Это случалось со мной постоянно: связисты всегда испытывали желание отредактировать мои телеграммы к Кате. Они были правы: то, что я писал ей, надолго выбивало их из рабочего состояния.
Я непременно приеду к вам в Самарканд, дорогая Зинаида Борисовна, еще раз спасибо за приглашение. Письмо от Сергея Павловича я получил и тотчас ответил ему. Он пишет мне, что переслал вам фронтовые дневники Саши. Пожалуйста, сохраните их у себя до моего приезда.

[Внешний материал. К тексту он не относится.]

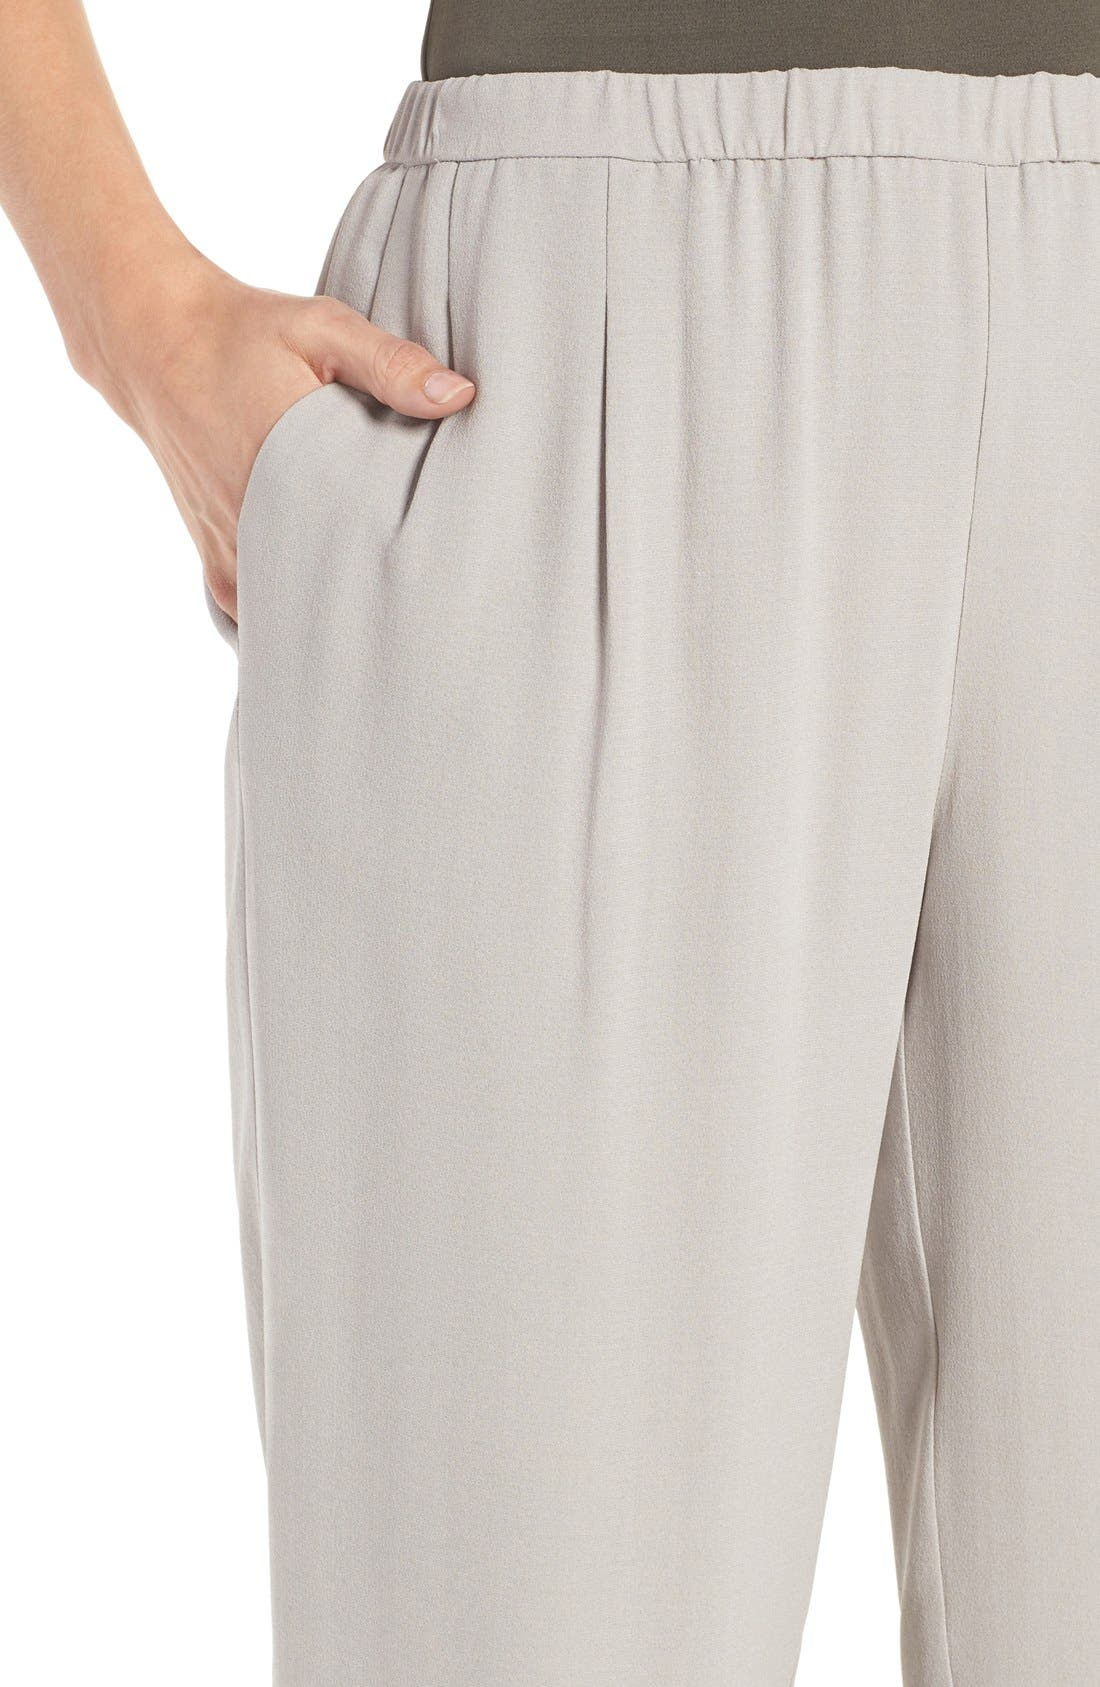 Silk Georgette Crepe Straight Ankle Pants,                             Alternate thumbnail 20, color,

Что касается вашей просьбы, Зинаида Борисовна, то винюсь: я не в силах ее выполнить. Если бы это необходимо было для вас, то, конечно же, я написал бы всем тем приятелям моего детства, которых вы перечислили в своем последнем письме. Но, насколько я понял, вы считаете, что это необходимо для меня. А я не ощущаю этой необходимости.
Мне поздно заводить новые дружбы и возобновлять старые. В том и в другом случае я вынужден распахиваться заново и заново же оценивать то, что раскроется мне. В моем возрасте лепишься к друзьям, которые уже знают, как я поступлю и что подумаю. Людей дряхлят разочарования.
Нет, Зинаида Борисовна, прерванная юношеская дружба редко склеивается наново. Даже реже, по- моему, нежели складывается новая. Хотя бы потому, что от прежней дружбы всегда ждешь больше, чем она в силах дать.
В прошлом году я ездил в Ростов. Институтская аудитория, в которой я читал свою лекцию, была полупуста. Донская июльская жара загнала в прохладное здание случайных людей. Моя лекция, по- видимому, мало их интересовала. Настроение слушателей передалось и мне, — я поспешно и вяло закруглился. Вопросов ко мне не было.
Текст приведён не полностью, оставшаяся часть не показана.